Amy Heckerling and Alicia Silverstone Reunite for Vamps. Can It Live Up to Clueless?

Heckerling in April.

Photo by Stephen Lovekin/Getty Images

Film fanatics may yearn for the rare Paul Thomas Anderson, Terrence Malick, or Whit Stillman movie. But my director-to-pine-for has long been Amy Heckerling. Though she’s dabbled in silly fare, making European Vacation under the National Lampoon banner, and directing both Look Who’s Talking and Look Who’s Talking Too, Heckerling is justly famous for helming two of the best movies every made about young women on the verge of adulthood: Fast Times at Ridgemont High and Jane Austen-with-a-computerized-closet masterpiece Clueless. Both movies treated young adult way stations—like loss of virginity, or even getting dressed in the morning—as if they were seismic events. Heckerling recognized that in frivolity laid the road to maturity for her characters, and her movies.
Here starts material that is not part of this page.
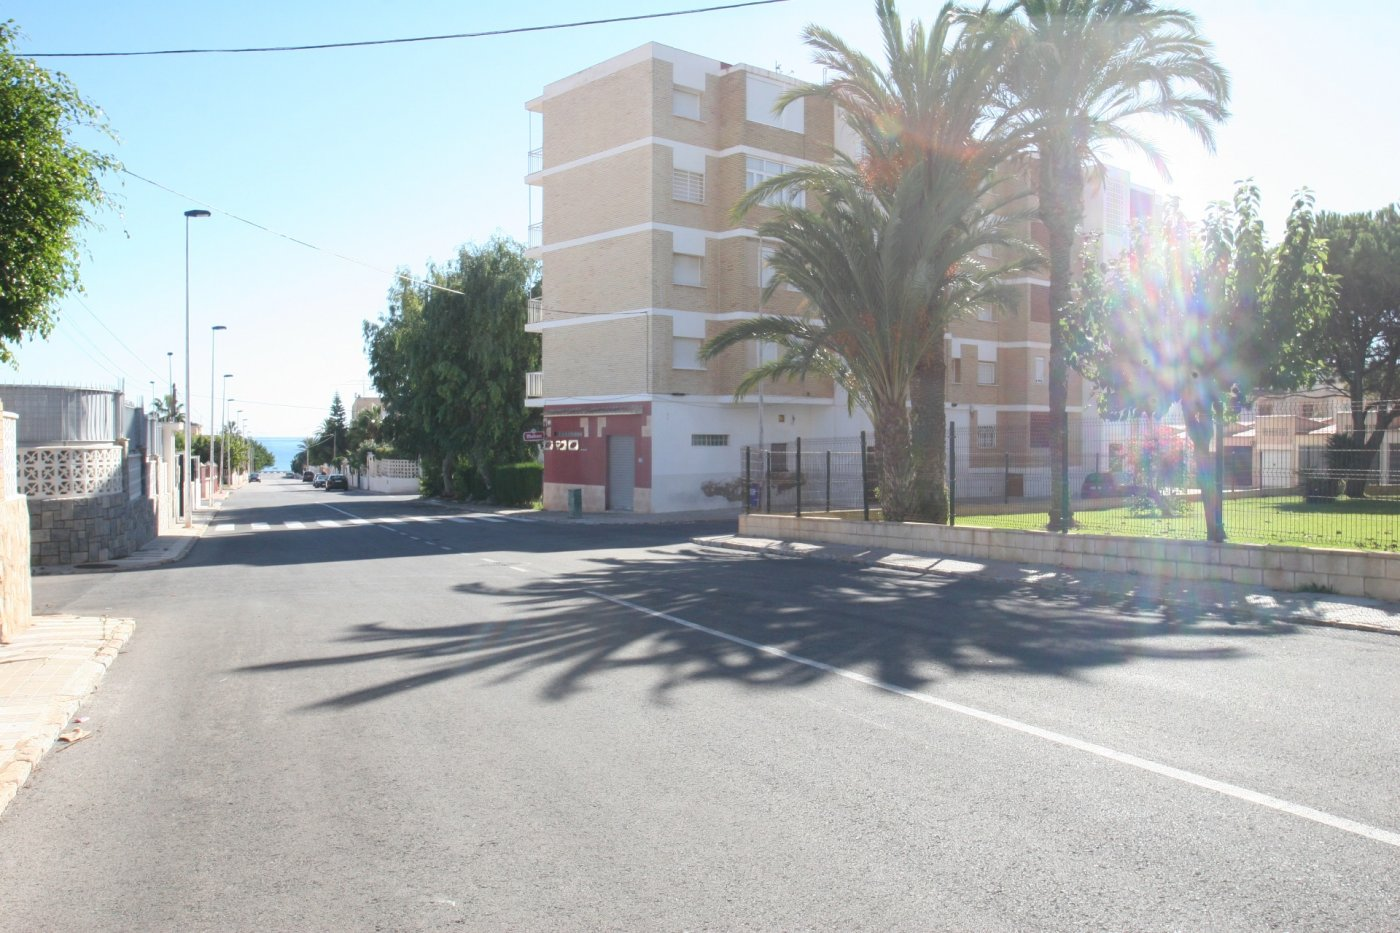 PISO DE 3 DORMITORIOS +TERRAZA+ PISCINA+ZONA OCIO (TENIS, CLUB SOCIAL), TORREVIEJA
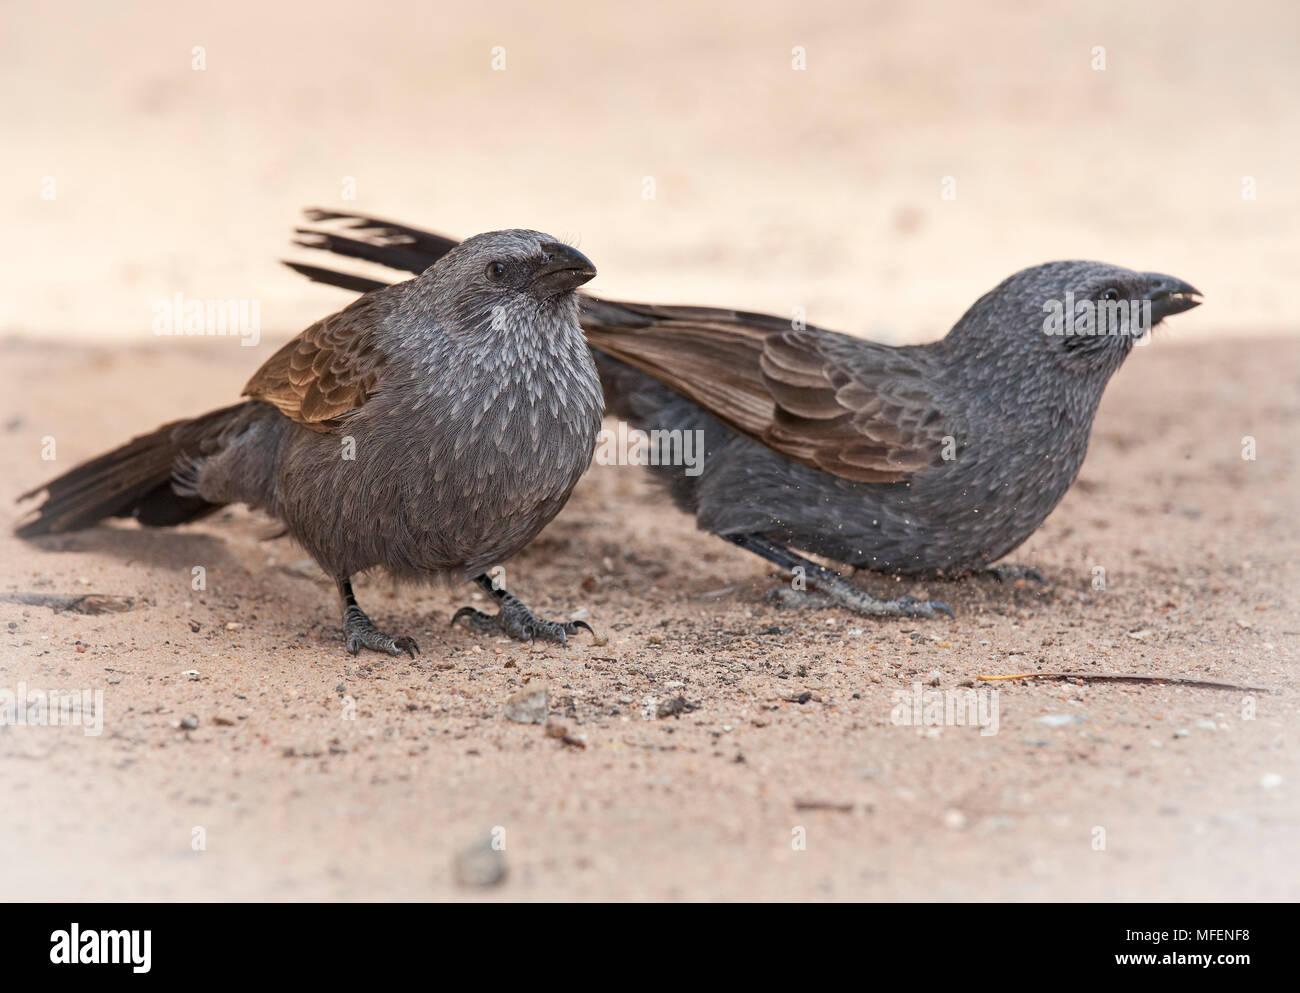 Apostlebird (Struthidea cinerea), Fam. Corcoracidae, Highly social birds, Kinchega National Park, New South Wales, Australia - Stock Image

Which is why I’m so excited for this fall’s Vamps, Heckerling’s riff on the current vampire craze, which reunites her with Clueless force Alicia Silverstone, who stars with Krysten Ritter as a pair of vampire besties who are starting to get sick of New York’s singles scene:

Vampires have been benign as lambs in Twilight, power-mad in True Blood, and stricken by true love in The Vampire Diaries. But they’ve rarely been as silly as they look to be in Vamps, whether it’s Justin Kirk complaining about the Time Warner cable guys who just show up without regard for how sunlight will affect the vampires who need cable, too; Silverstone complaining about having coffin hair; or Dan Stevens, fresh off playing a noble in Downton Abbey, as a clueless Van Helsing in denial about the identity of his new girlfriend. In other hands, I might be skeptical about the light tone—who is going to finally come along and restore vampires to their true scariness? But Heckerling’s always been brilliant at recognizing that girls, dead or alive, just want to have fun— and that the best way to grow can be to learn from everything that comes out the universal silliness of youth.